Treasury Rev.Rul. 61-191, CB, 1961-2, p. 251 provides definitive statement of what constitutes a de facto corporate dissolution:

 
"Net operating losses sustained or excess profit tax credits remaining unused by a corporation subsequent to the date that it is de facto dissolved may not be carried back to prior taxable years. For the purpose of such carrybacks, a de facto dissolution occurs when a corporation has disposed of all or most of its operating assets; terminated its business activities, and became a mere shell, a corporation in name and semblance only, without real corporate substance, serving no real corporate purpose, and having no valid or compelling reason for continuing its existence, even though not formally dissolved."
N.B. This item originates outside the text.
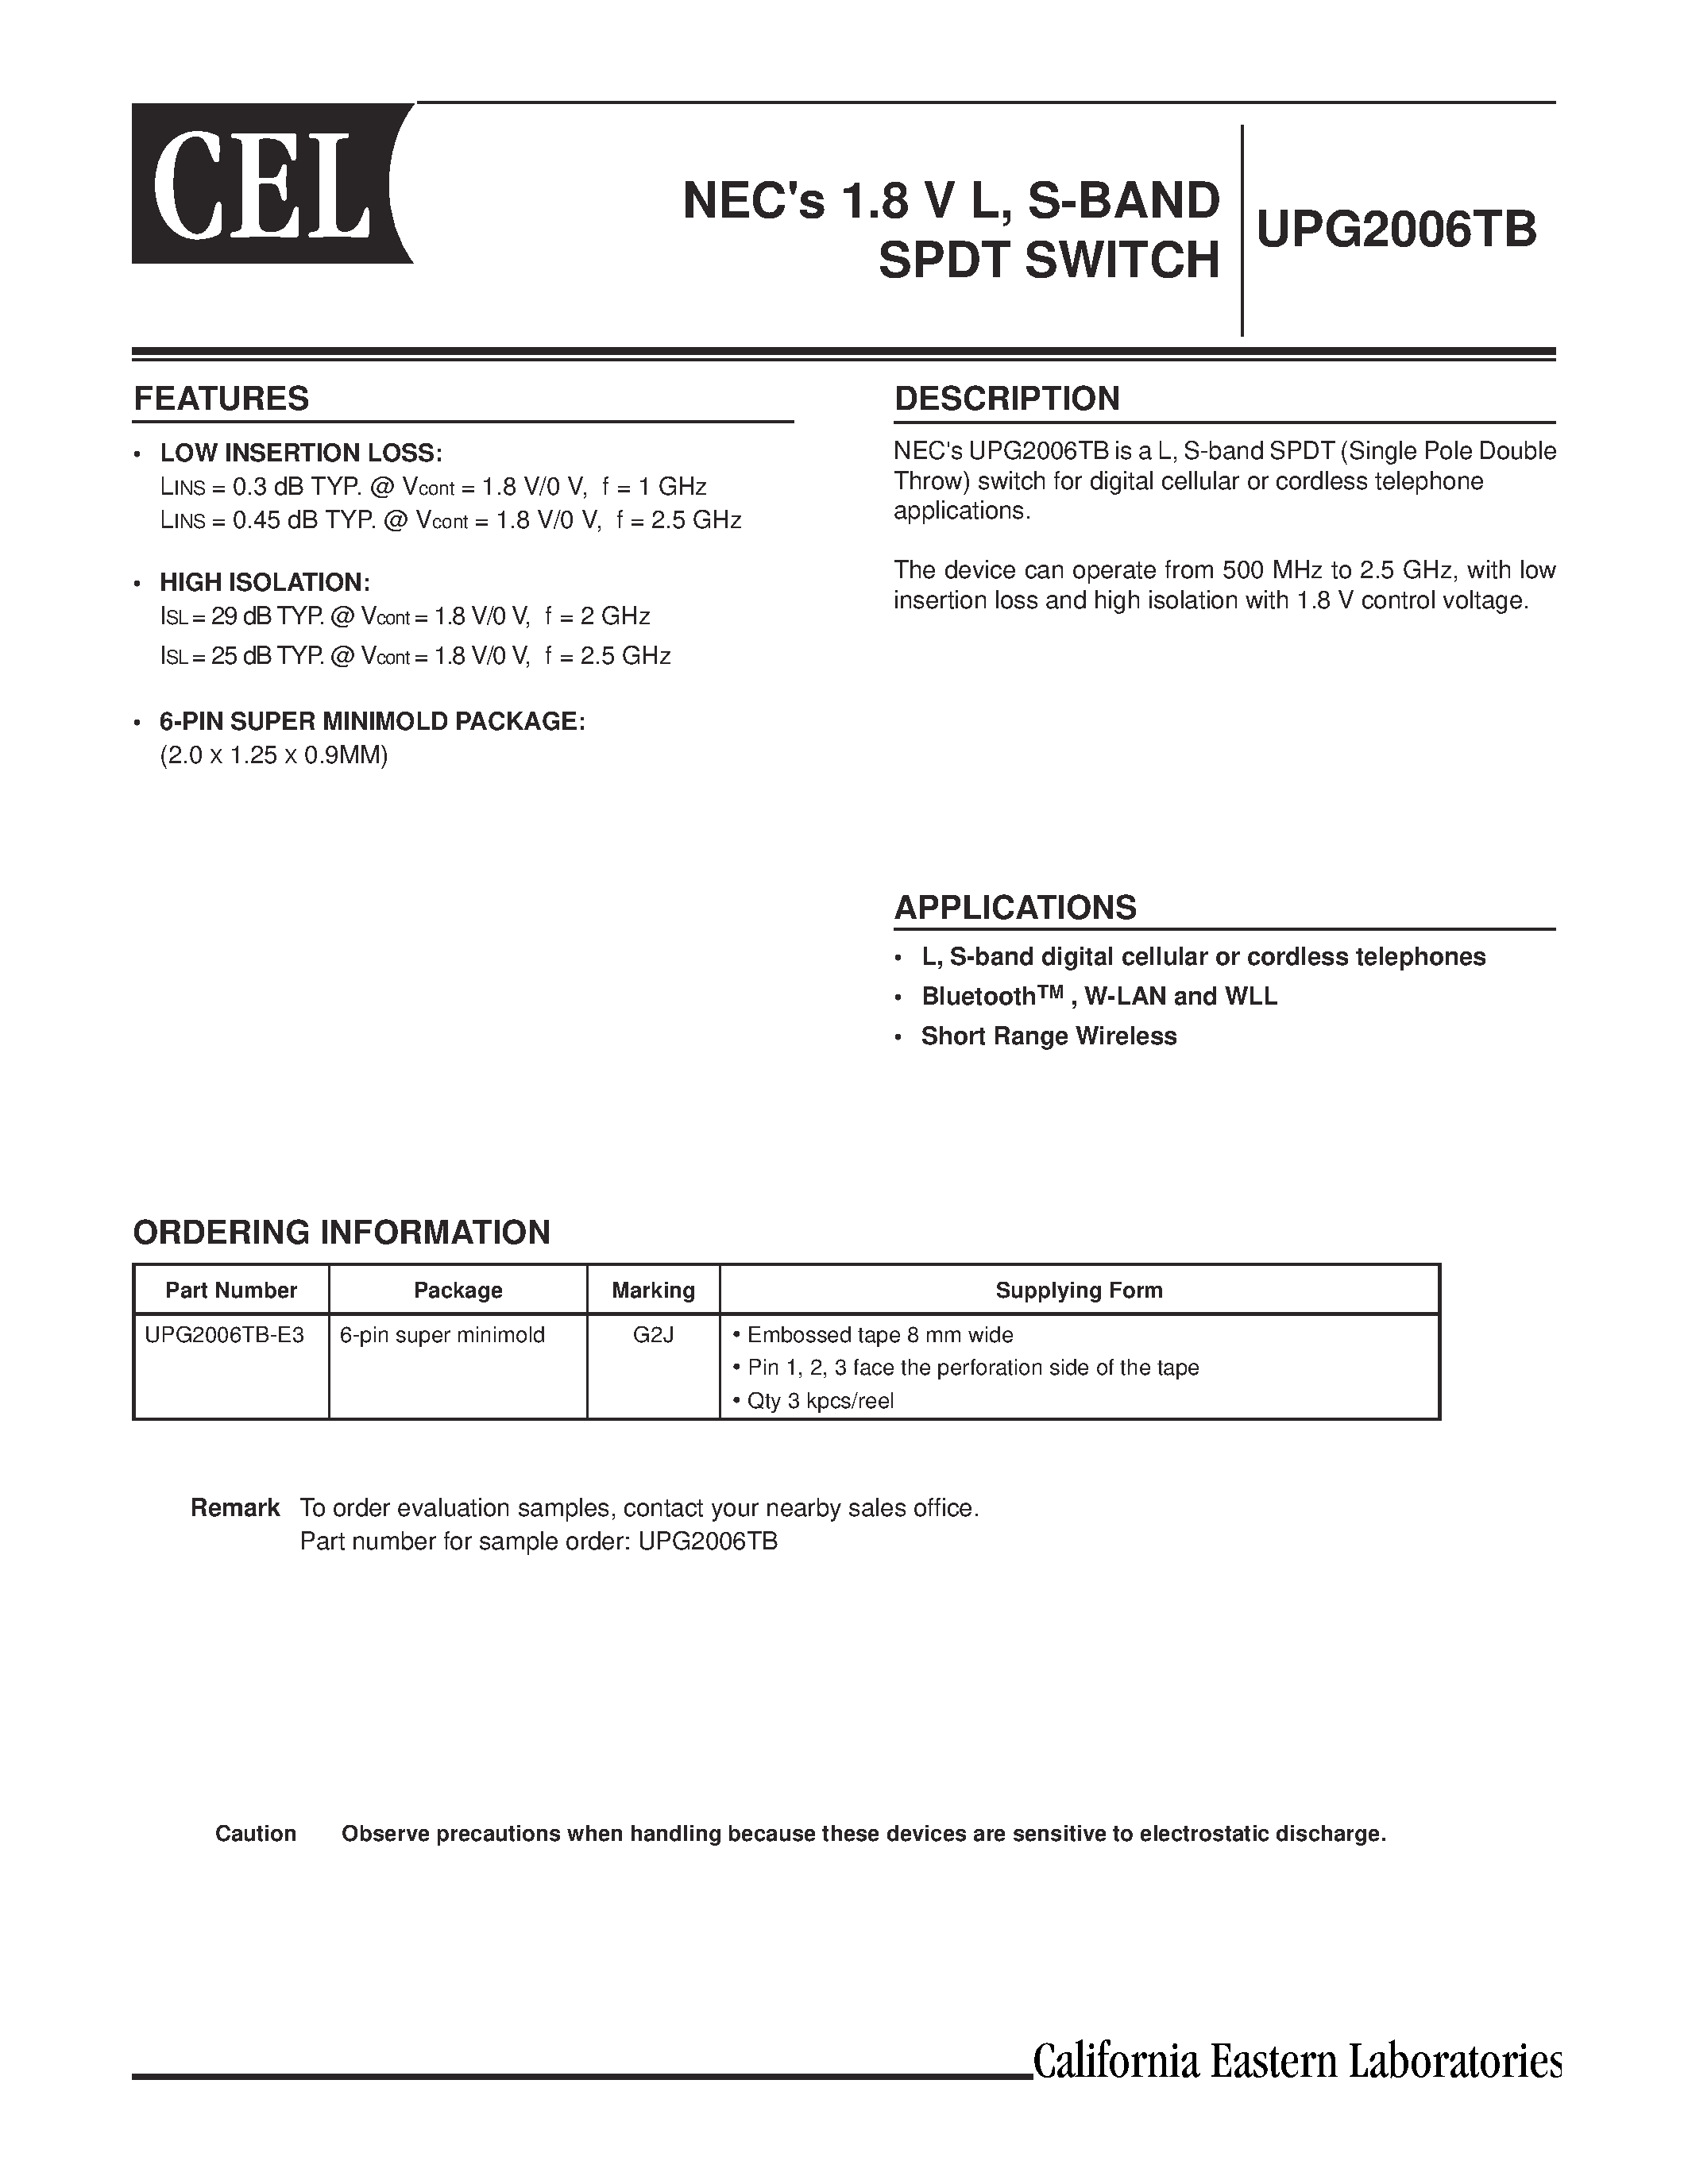 Datasheet UPG2006TB - NECs 1.8 V L/ S-BAND SPDT SWITCH page 1

Sales made by the loss corporation during the years 1951 through 1953 of machinery equipment totaled $1,120.50, while the remaining assets aggregated $45,011.15 and remained intact until 1957. The corporation had continued to meet its mortgage debt and to pay its taxes, insurance, and franchise fees as well as file its tax returns. The enterprise may have proved a bad bargain but the corporation continued conscientiously to meet its obligations as they occurred, through loans from its owners' partnership. It was not engaged in liquidating, nor winding up its affairs as argued by the government. For it was not until June 24, 1957 that the land and factory building were sold and the proceeds paid to the bank, together with the mortgage deficiency of $6,364.82 and interest, as required by the individual guarantees. Cf: C. I. R. v. Allegheny Broadcasting Corp., 179 F.2d 844 (3 Cir. 1950); Jos. Capps, Inc. v. United States, 86 F. Supp. 712 (D.C.S.D.Cal.1949). The case of American Well & Prospecting Company v. C. I. R., 232 F.2d 934 (3 Cir. 1956), cert. den. 352 U.S. 840, 77 S. Ct. 61, 1 L. Ed. 2d 57 (1956), relied upon by the government is inapposite. In that case there remained simply a corporation shell. In Continental Sales & Enterprises, Inc. v. United States, 11 AFTR 2d 1656 (D.C. N.D.Ill.1963) cited in the government's brief, everything had been liquidated except a net operating loss deduction, and this was certainly not a corporate asset utilizable in the subsequent merger with two other corporations.

In addition to keeping the corporation alive during the loss years, the owners had no intention, either explicit or implicit, to dissolve; literally, they could not afford to under the circumstances above recited.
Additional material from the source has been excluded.